I'm not sure if it's due to the highly abstracted nature or just not making performance a priority but in my experience sane Hibernate queries are about 1/2 the speed of native SQL and LINQ is closer to 1/50.

I hope and pray they can make the performance at least within an order of magnitude of raw SQL or even Hibernate so I can say goodbye to SQL forever.

2 comments

At a previous job I worked hard to prove that I could make LINQ queries perform within small tolerance of the window of hand-written SQL alternatives.

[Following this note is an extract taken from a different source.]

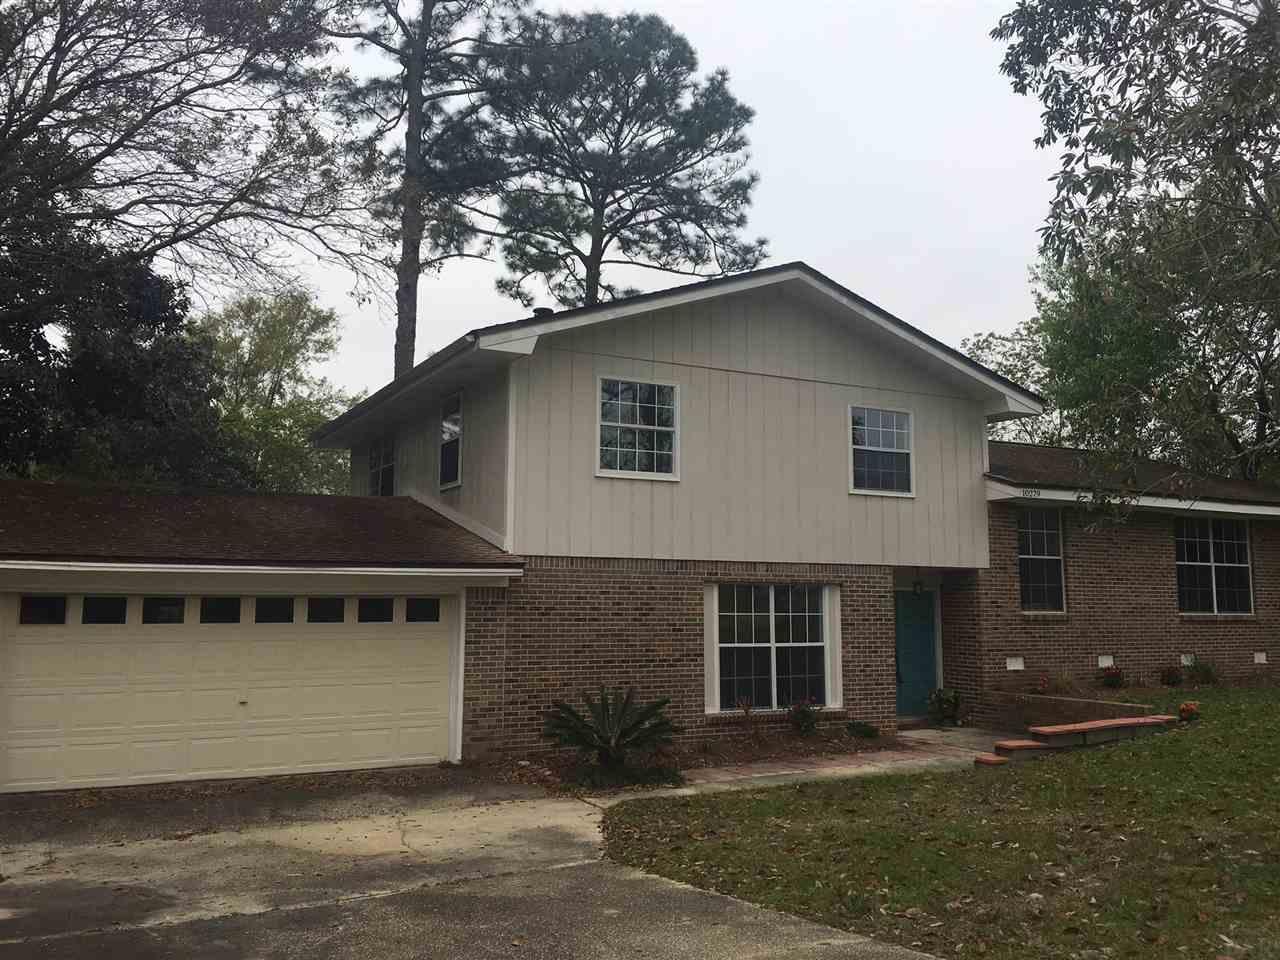 10279 Sugar Creek Dr, Pensacola, FL 32514
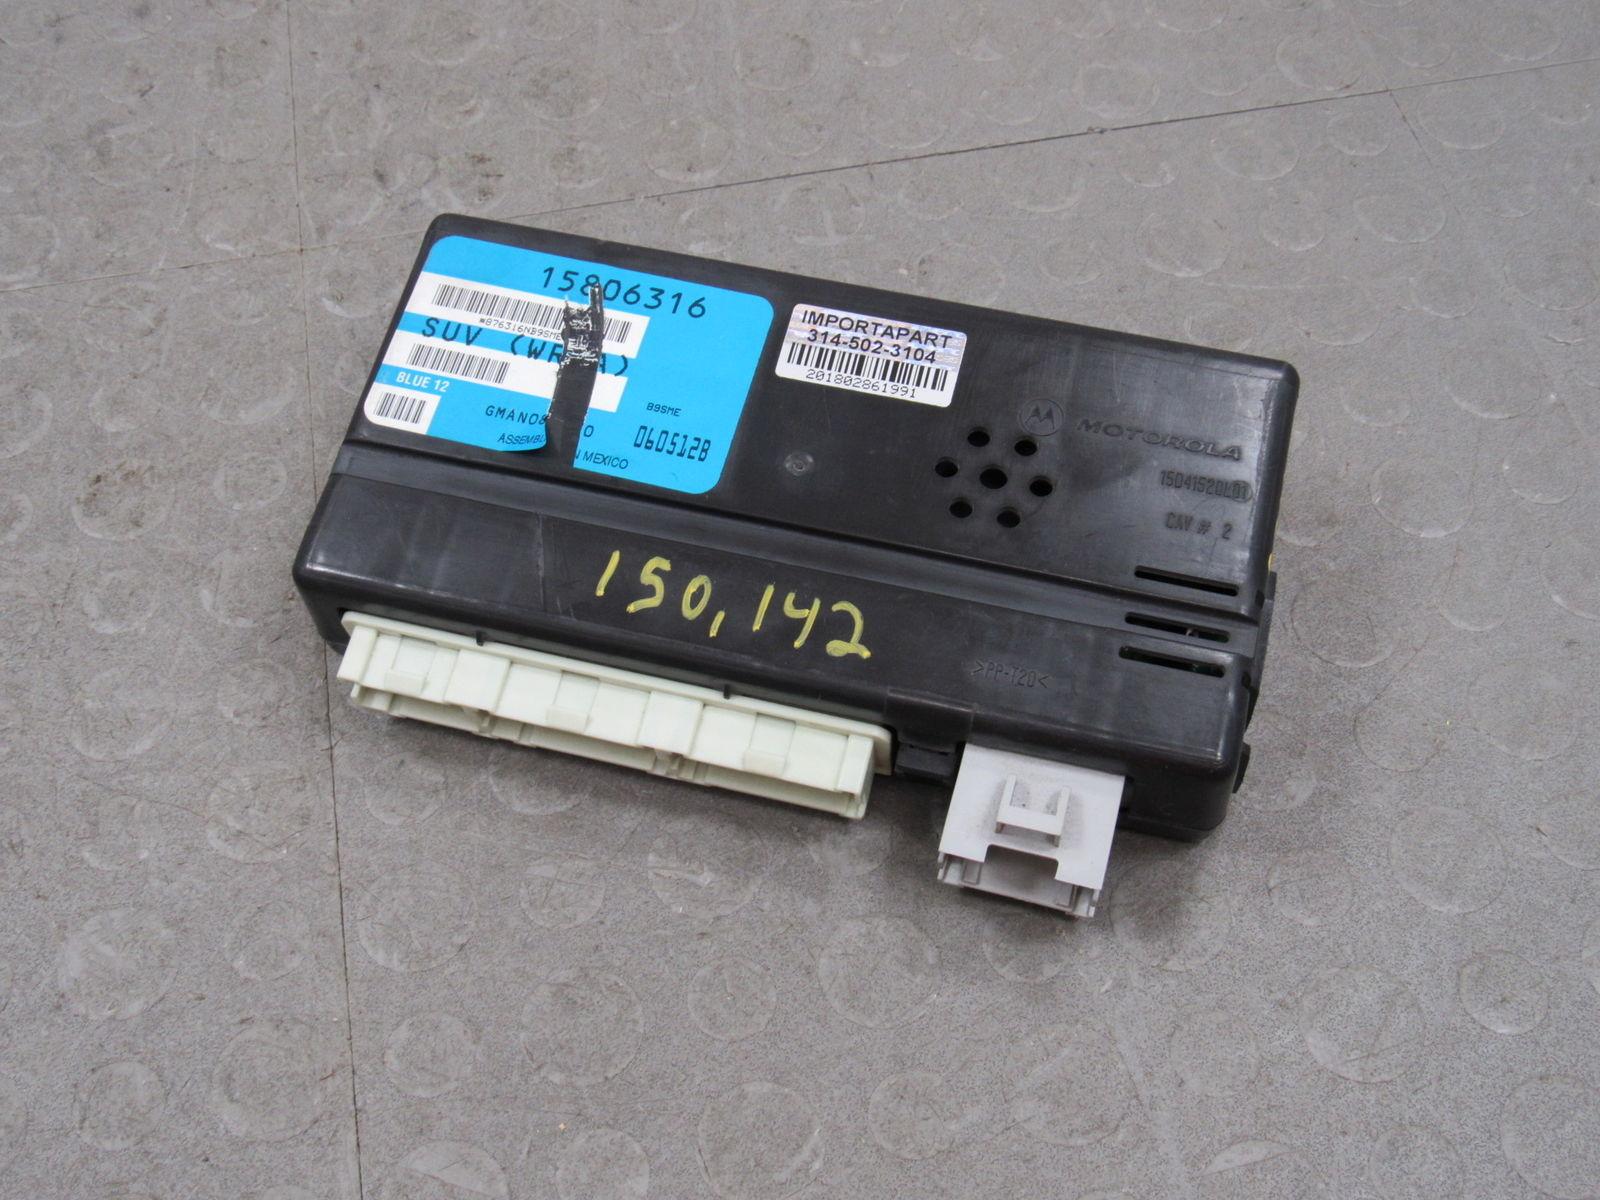 02 03 Saturn Vue Bcm Body Control Multifunction Module 150 142 Miles 15806316 U Importapart

Performance tuning LINQ is a science that I think escapes far too many people. Often it seemed to simply be mistakes that they wouldn't make in hand-written SQL, but they were writing LINQ too much like C# instead of enough like SQL.

Use LINQ for development and production, when you need performance use Dapper. It shouldn' be too hard if you follow the DDD pattern.

You can always use DataContext.Database.SQL(query) ofc

> You can always use DataContext.Database.SQL(query) ofc

that's pretty much our MO :) . Never used Dapper, how reliable is it? I ask because we use StackExchanges' Redis client for C# and it mysteriously crashes even after untold hours of debugging

Actually, haven't had any issues with it. So, it's safe to say that i find it very stable.